Segment Start: Records to process

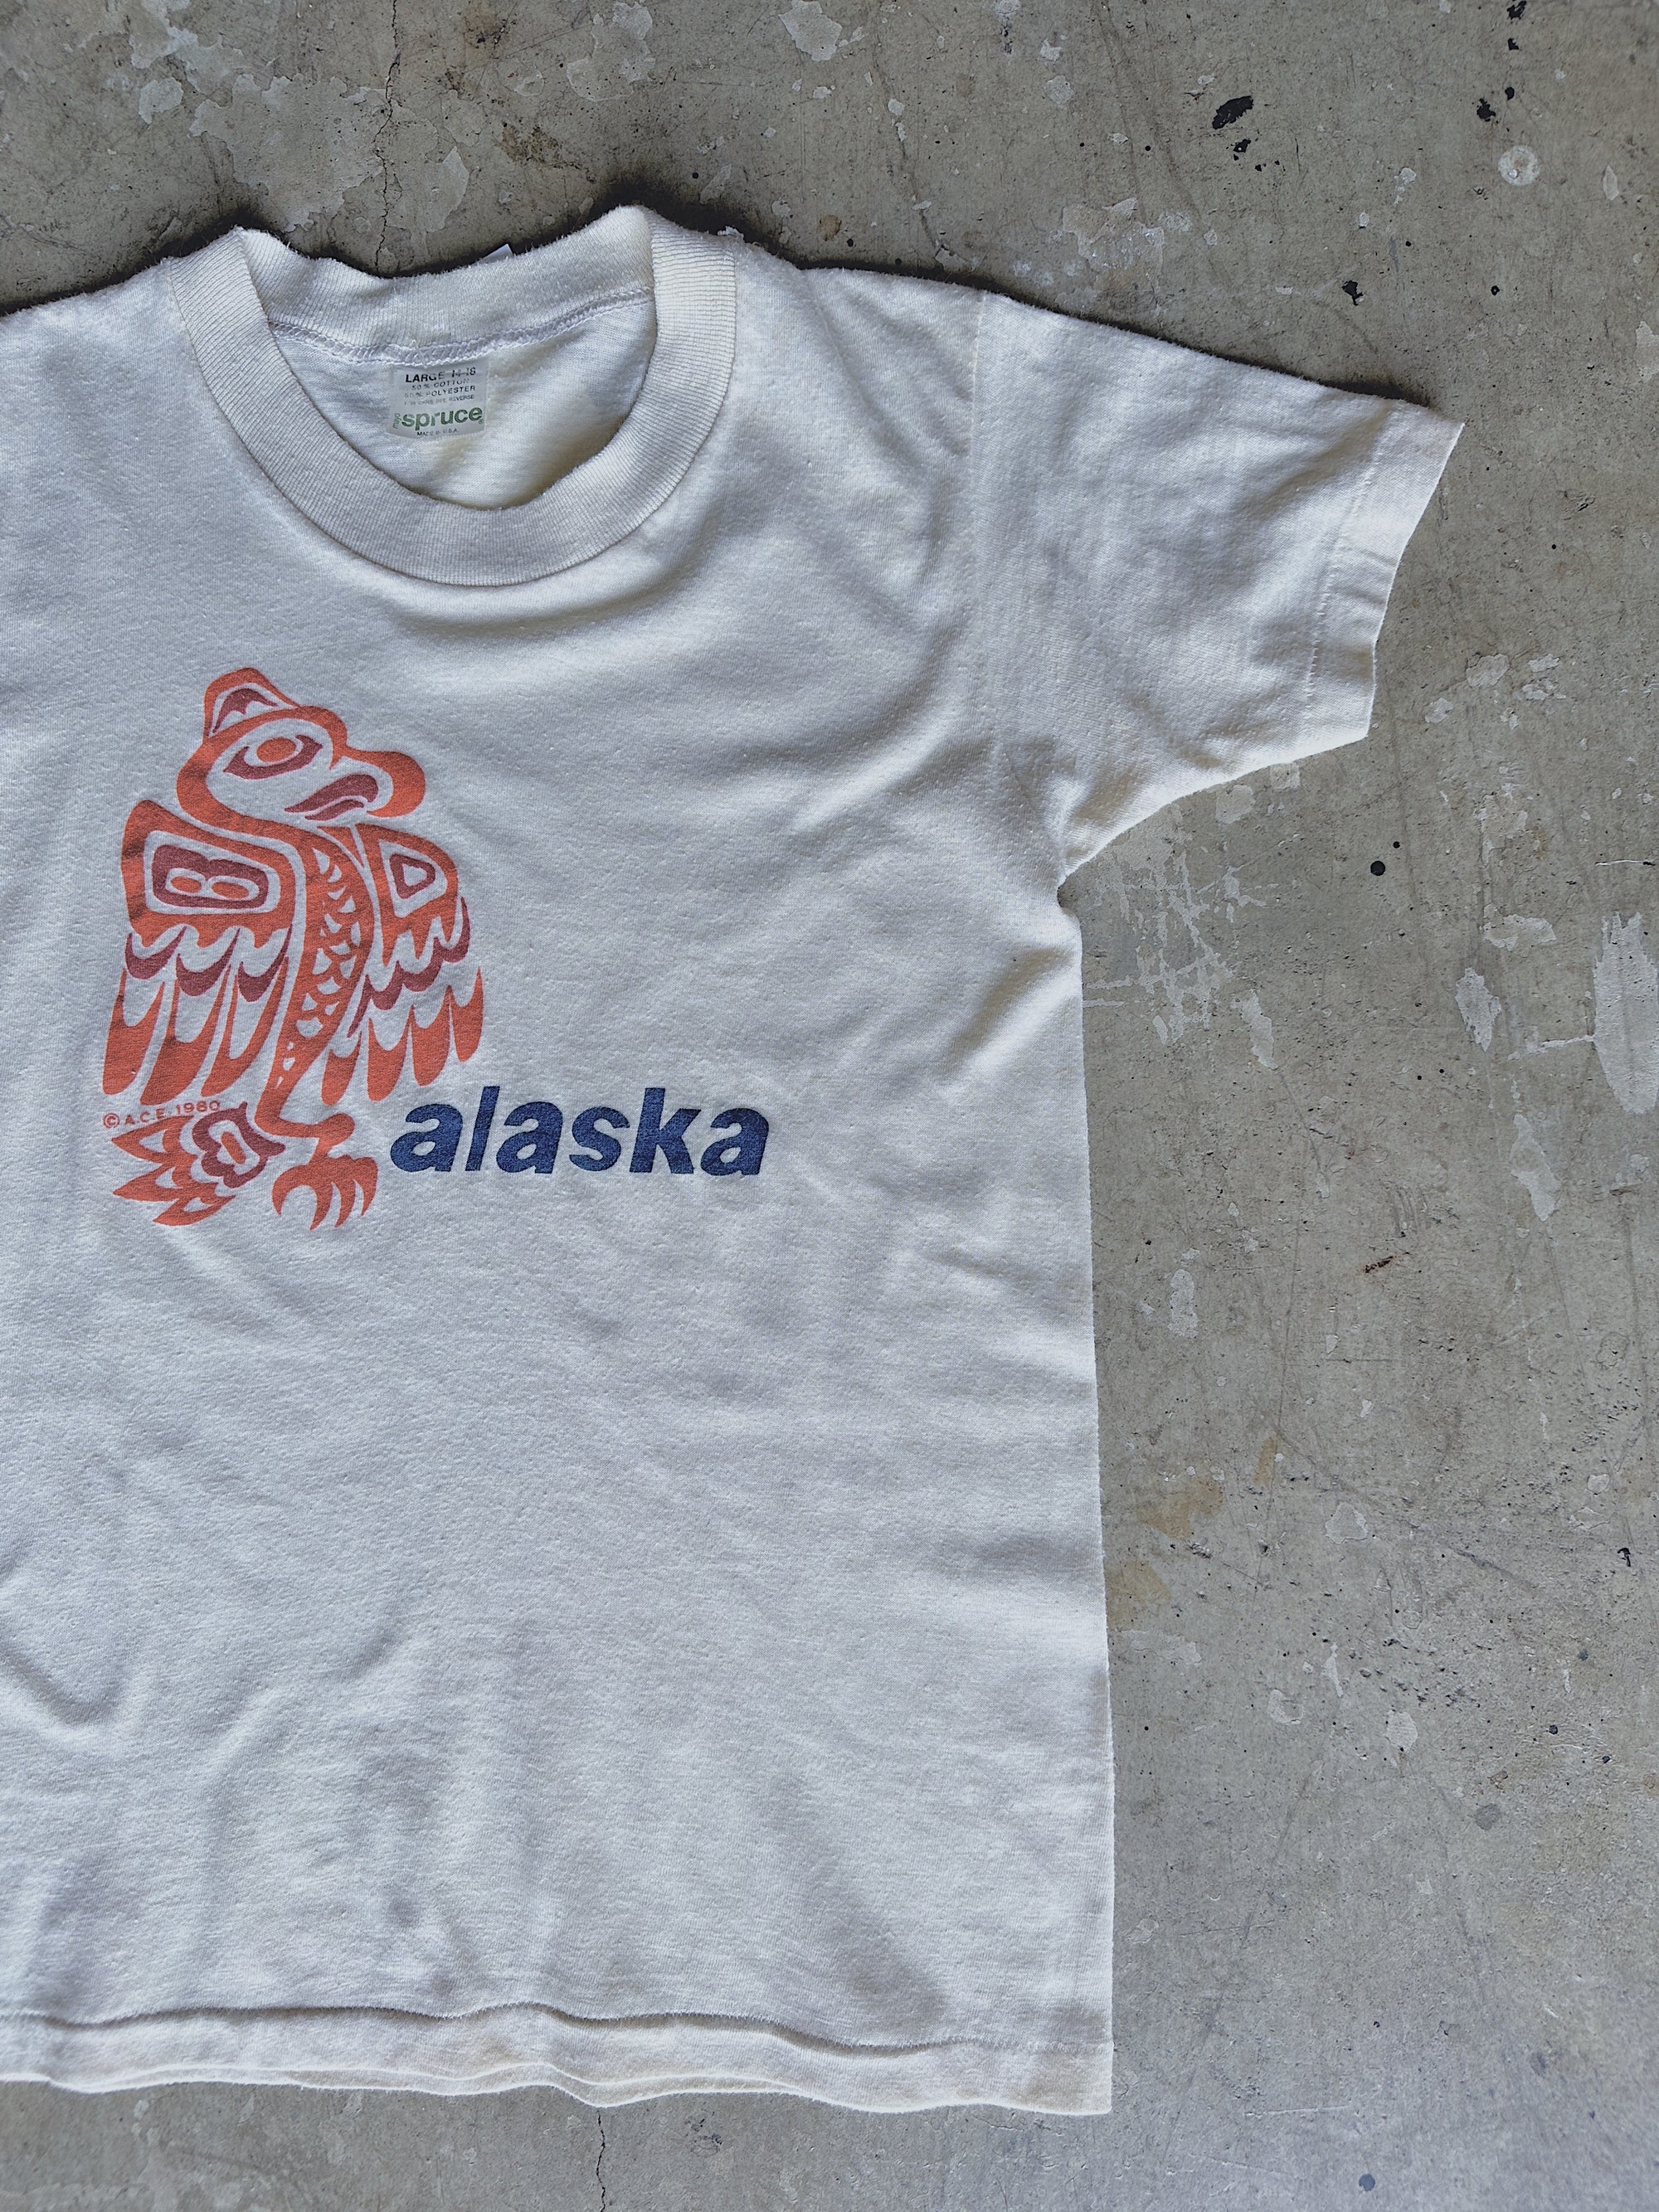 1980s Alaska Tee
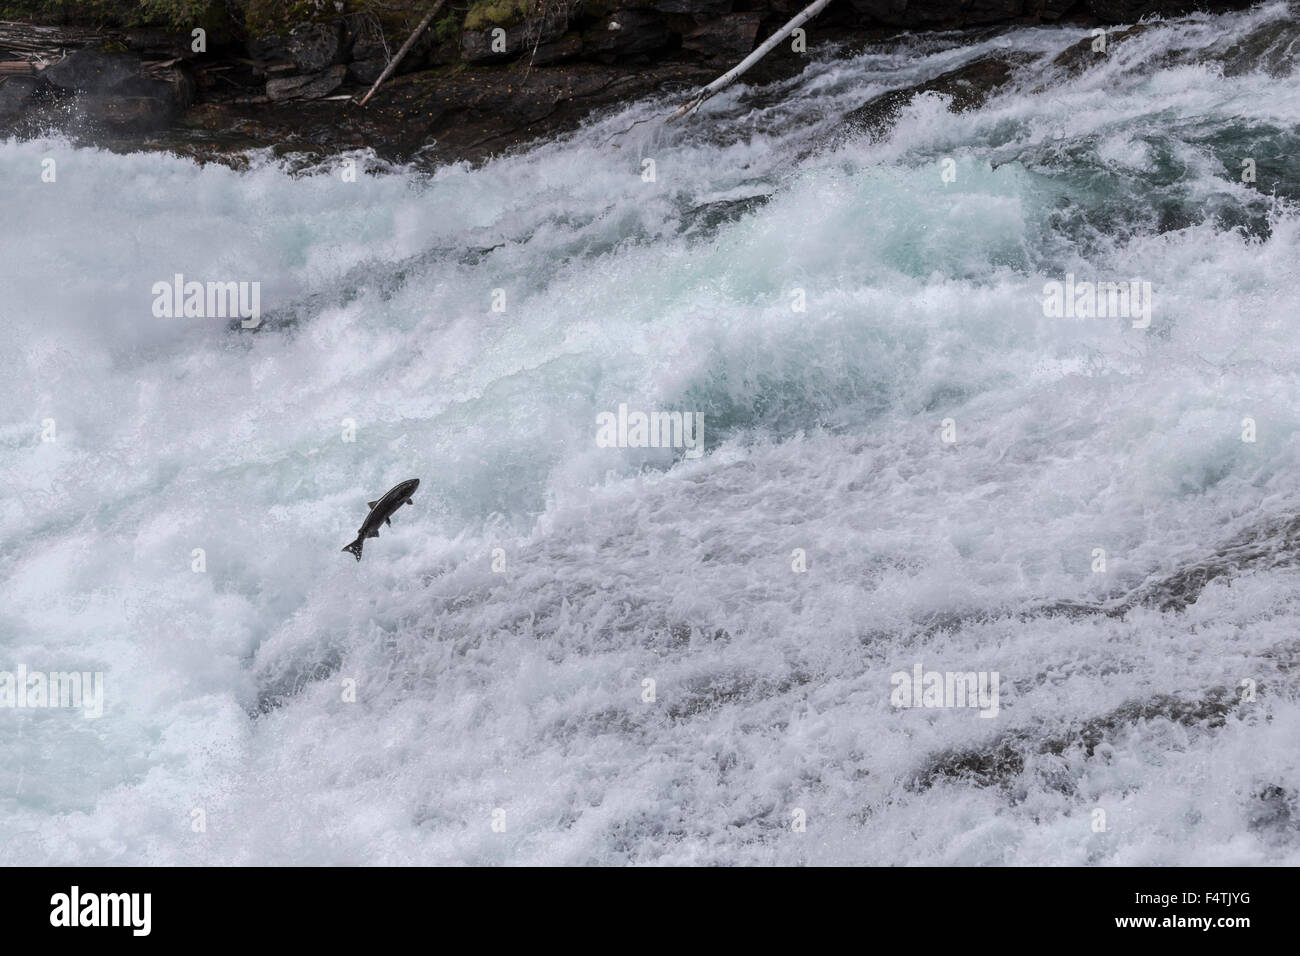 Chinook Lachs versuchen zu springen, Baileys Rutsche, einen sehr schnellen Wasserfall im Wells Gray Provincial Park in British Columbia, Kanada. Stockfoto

Segment End: Records to process
Segment Start: Records to process

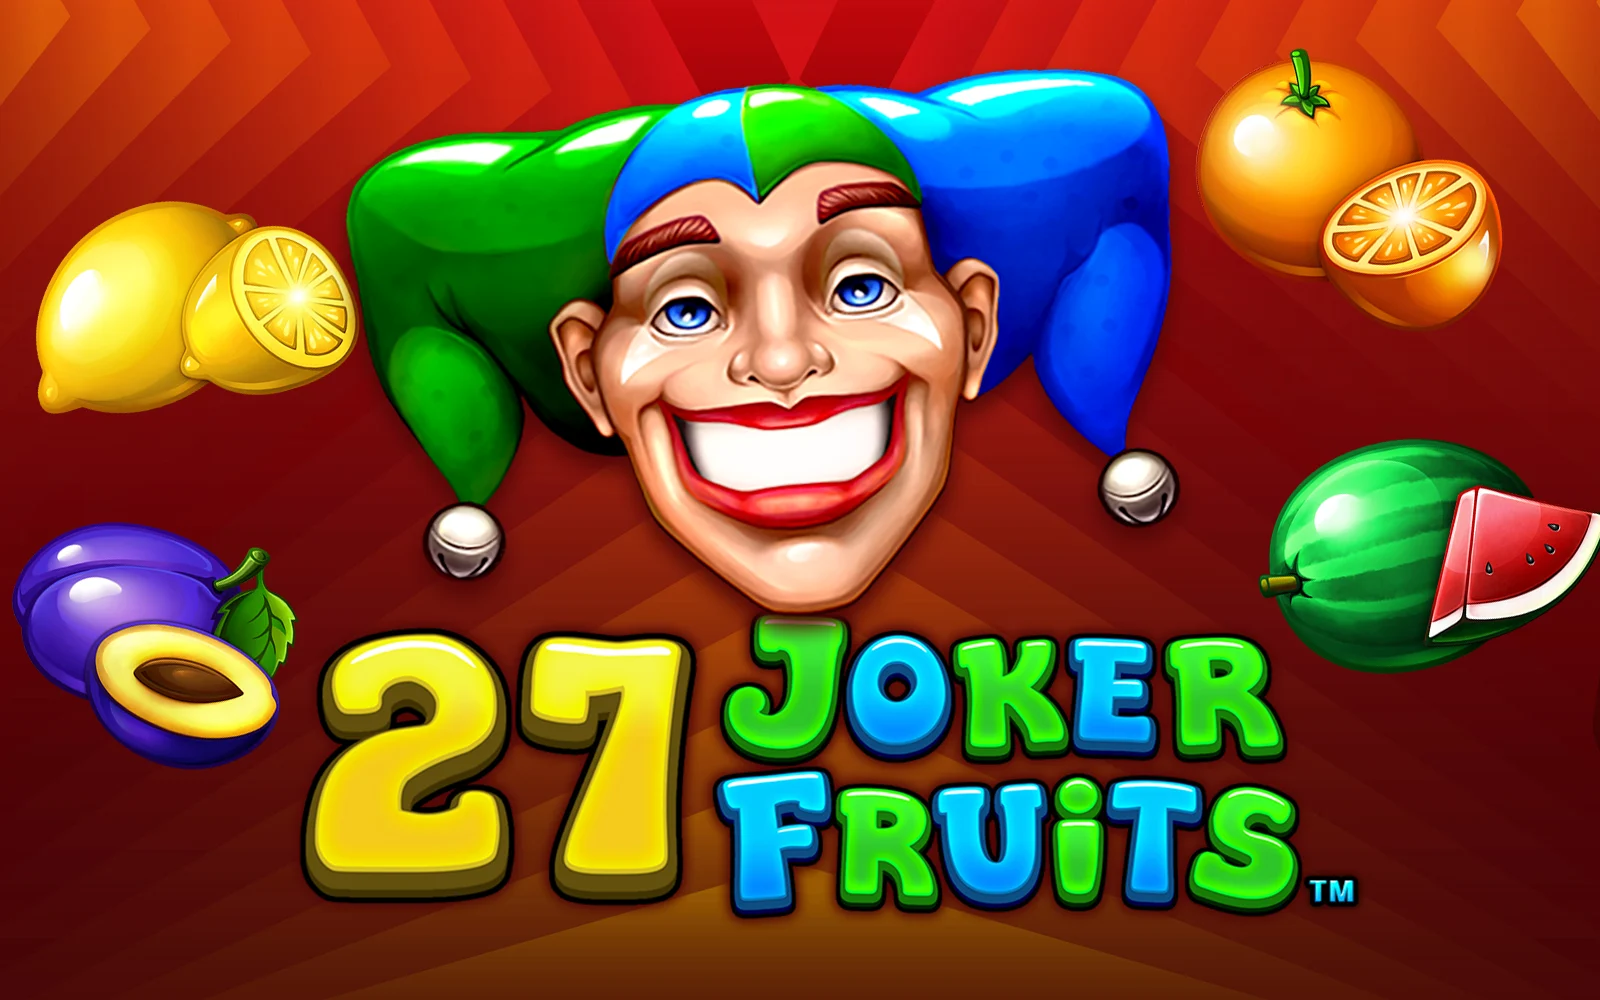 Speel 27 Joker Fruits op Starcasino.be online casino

Segment End: Records to process

» **Exercise objective**
Excerpt from the records above: set down only the lines from the one that contains "1980s Alaska Tee" through the one that contains "Chinook Lachs versuchen", inclusive, word for word. Pictures stay out.

» **Your response**
 1980s Alaska Tee
 Chinook Lachs versuchen zu springen, Baileys Rutsche, einen sehr schnellen Wasserfall im Wells Gray Provincial Park in British Columbia, Kanada. Stockfoto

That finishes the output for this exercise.